When not done correctly, however, the results can be disastrous.

A combat veteran of three tours in Iraq accidentally killed his 9-month-old daughter earlier this year when he was practicing drawing his loaded handgun in their home.

The story is a little contradictory, as later on it says he was “dry firing” by drawing and aiming at candles on the wall.  Based on the story, it sounds like he wasn’t dry firing, but was just playing around drawing his loaded firearm and pointing it at the wall.

The story doesn’t indicate if the child was in the same room or a different room and was hit through a wall, but it doesn’t matter either way.  This was a tragedy to be sure and my sympathies go out to the family and even to the person who so negligently killed their own child…as a father myself, I can’t begin to imagine how devastating that must be…but the tragedy was completely preventable. 

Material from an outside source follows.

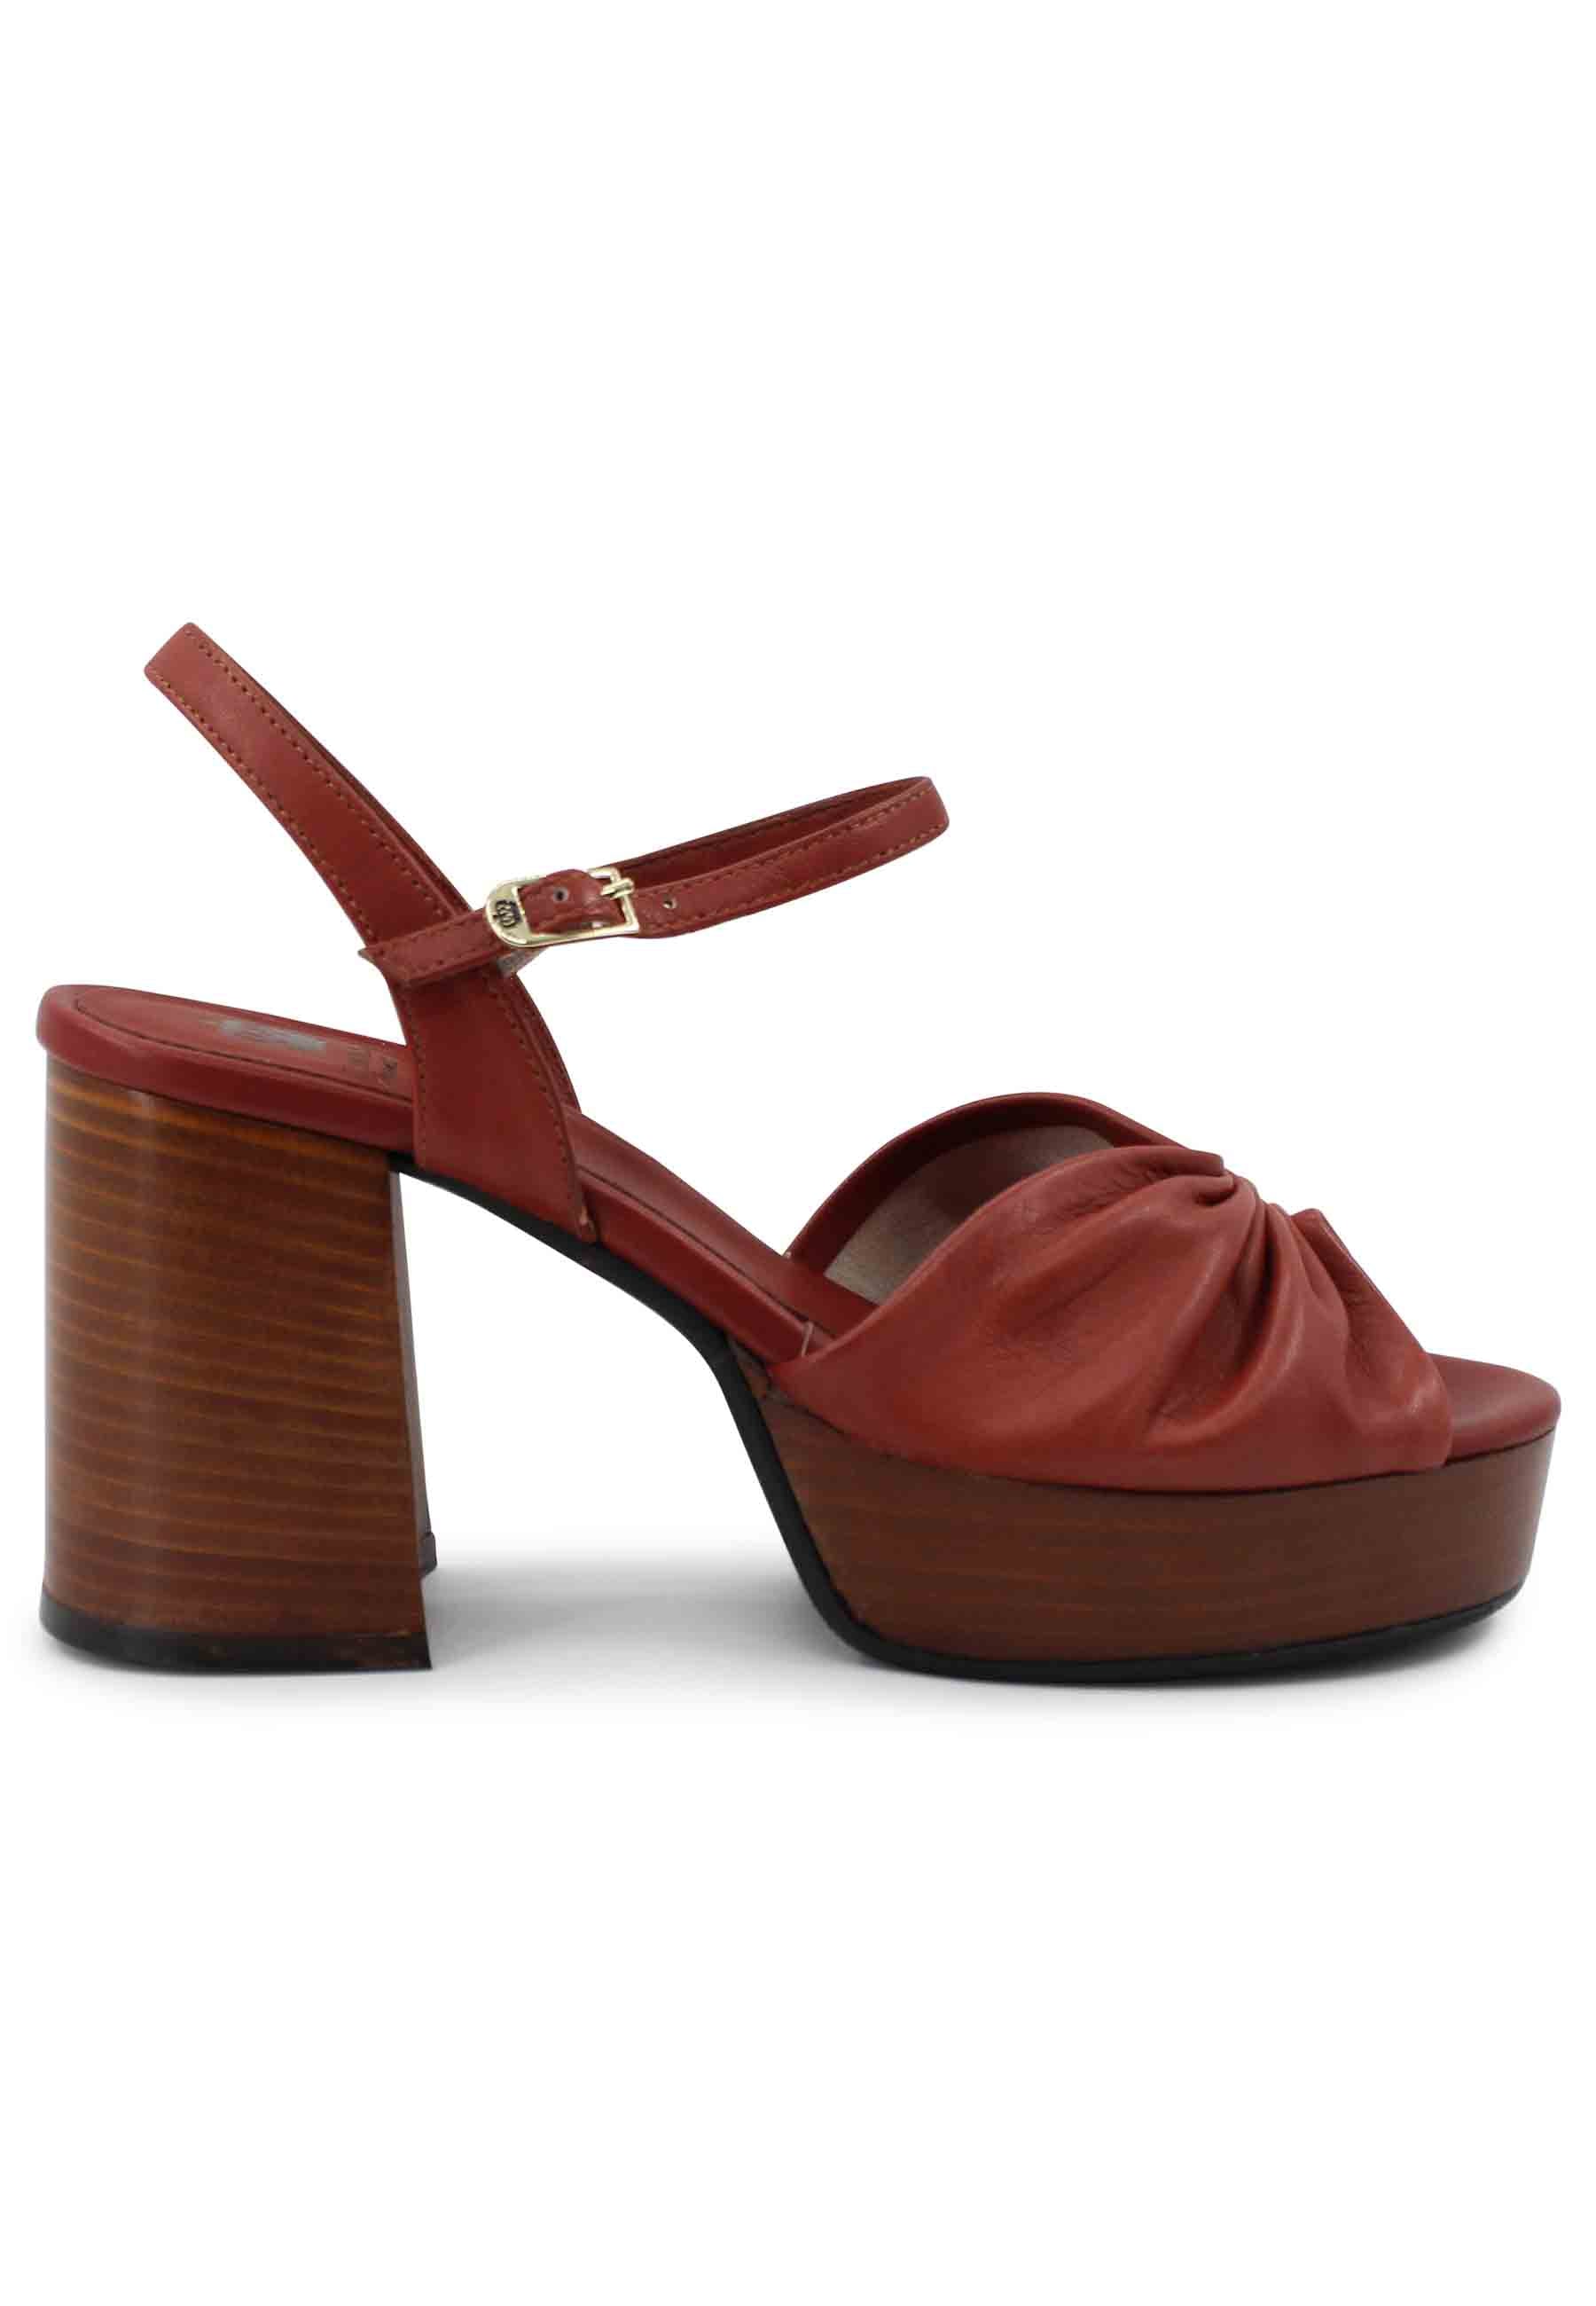 Women's sandals in brick leather with leather heel and platform

I think this would be a good opportunity to review the rules of gun safety as they pertain to practicing outside of a range environment.

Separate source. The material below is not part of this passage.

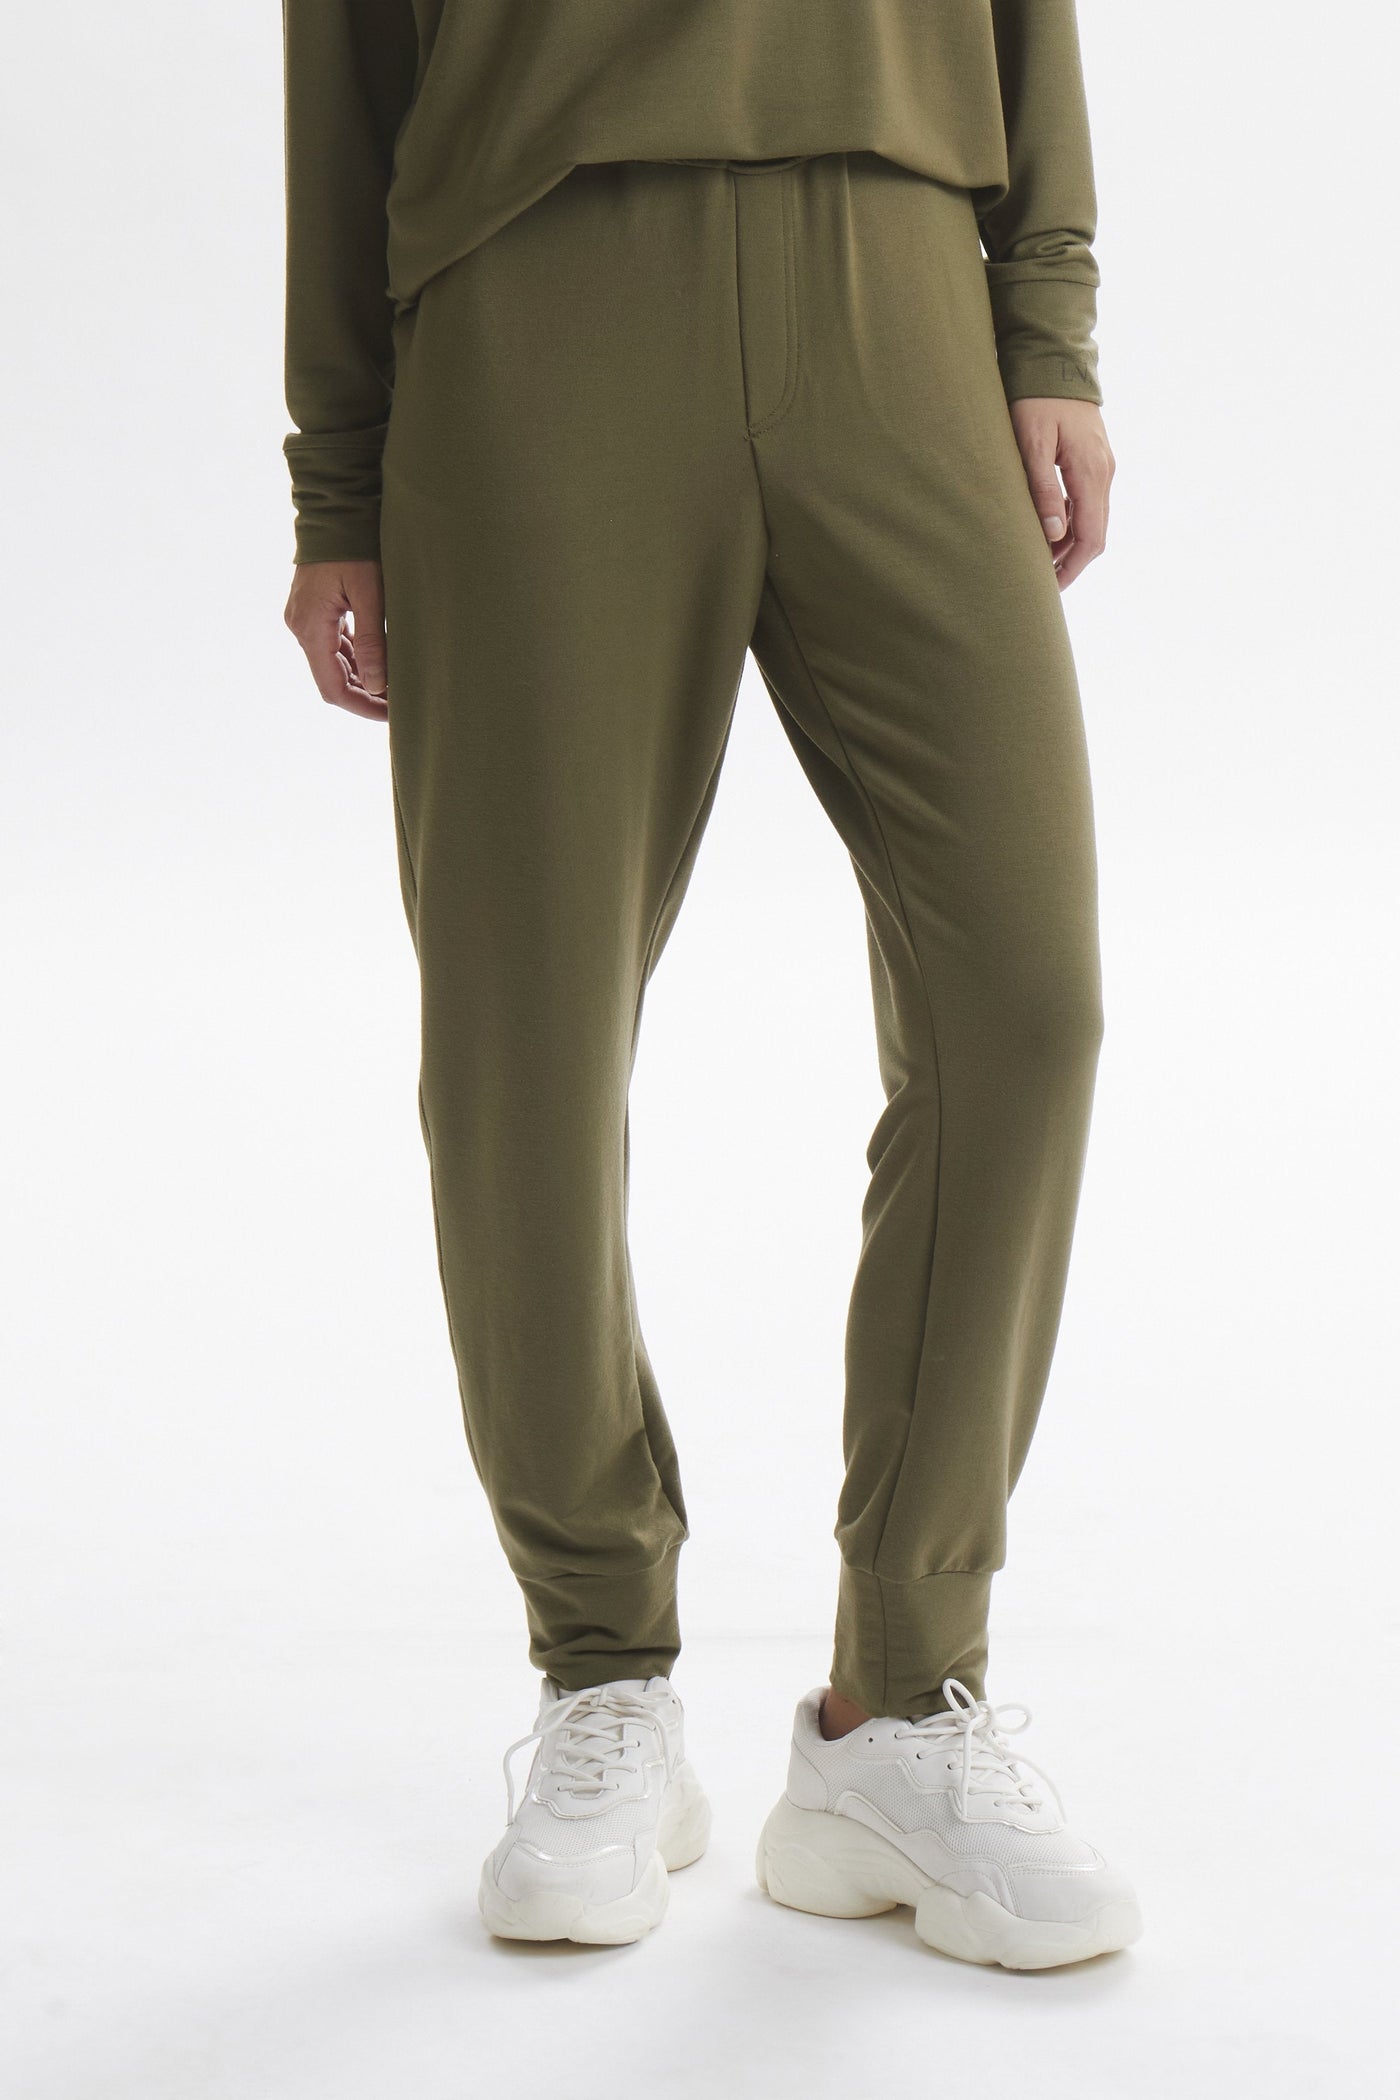 LNKira Pants-Womens-Ohh! By Gum - Shop Sustainable

The NRA rules for gun safety are:

1.  Always keep the muzzle pointed in a safe direction.

2.  Always keep your finger off the trigger until you are ready to fire.

3.  Always keep the gun unloaded until ready to use.

Some prefer Jeff Cooper’s 4 rules, but I disagree.  Any set of rules where the very first one is demonstrably false is not a valid rule set.  If rule number 1 MUST be broken sometimes (cleaning/maintenance, dry fire practice, etc) it is necessarily implied that all of the rules may be broken from time to time.   You can fix rule one by saying “Always treat guns as if they are loaded unless you have personally and immediately verified otherwise”, but that doesn’t make for a very clean, concise bullet point so I just stick with the NRA rules.

I do like Jeff Cooper’s rule number 4, however, and it is imminently applicable here:

4.  Always be sure of your target and what is beyond it.

The NRA argues that this is covered by rule 1, keeping the muzzle pointed in a safe direction, but what is a safe direction when you’re not on the range?

And that’s one of the keys to safe dry fire practice in the home.  You can’t just look at the wall you’re pointing at and decide that’s a “safe direction”.  What’s on the other side of that wall?  What’s on the other side of two or three walls?  Is that TRULY a “safe direction”?

So, here are my detailed rules for dry fire practice in the home:

– Choose a location in your home that provides the safest area for your practice.

This location needs to have a safe “target area” for you to point at.  I like to use corners as my target area because in a standard frame constructed house, the corners are typically formed from a relatively solid arrangement of 2×4 studs.  If you can aim so that your sight line goes through two or three corners, that’s even better.  Your sight line should not be in direct line with nearby neighbor’s houses and the best bet is to have a solid backstop at some point.

I have a large brick fireplace in the family room.  I practice in the living room, standing in a location where I can aim at a corner, but still pointing it at the fireplace.  If the unthinkable occurs and I have a negligent discharge, the bullet will have to travel through the studs in the corner, another wall and will end up hitting the bricks of the fireplace.

Needless to say, choosing an aim point in direct line with your $2000 60 inch plasma TV probably isn’t the wisest choice.  Won’t kill anyone should the worst happen, but may be hazardous to your bank account and marital stability.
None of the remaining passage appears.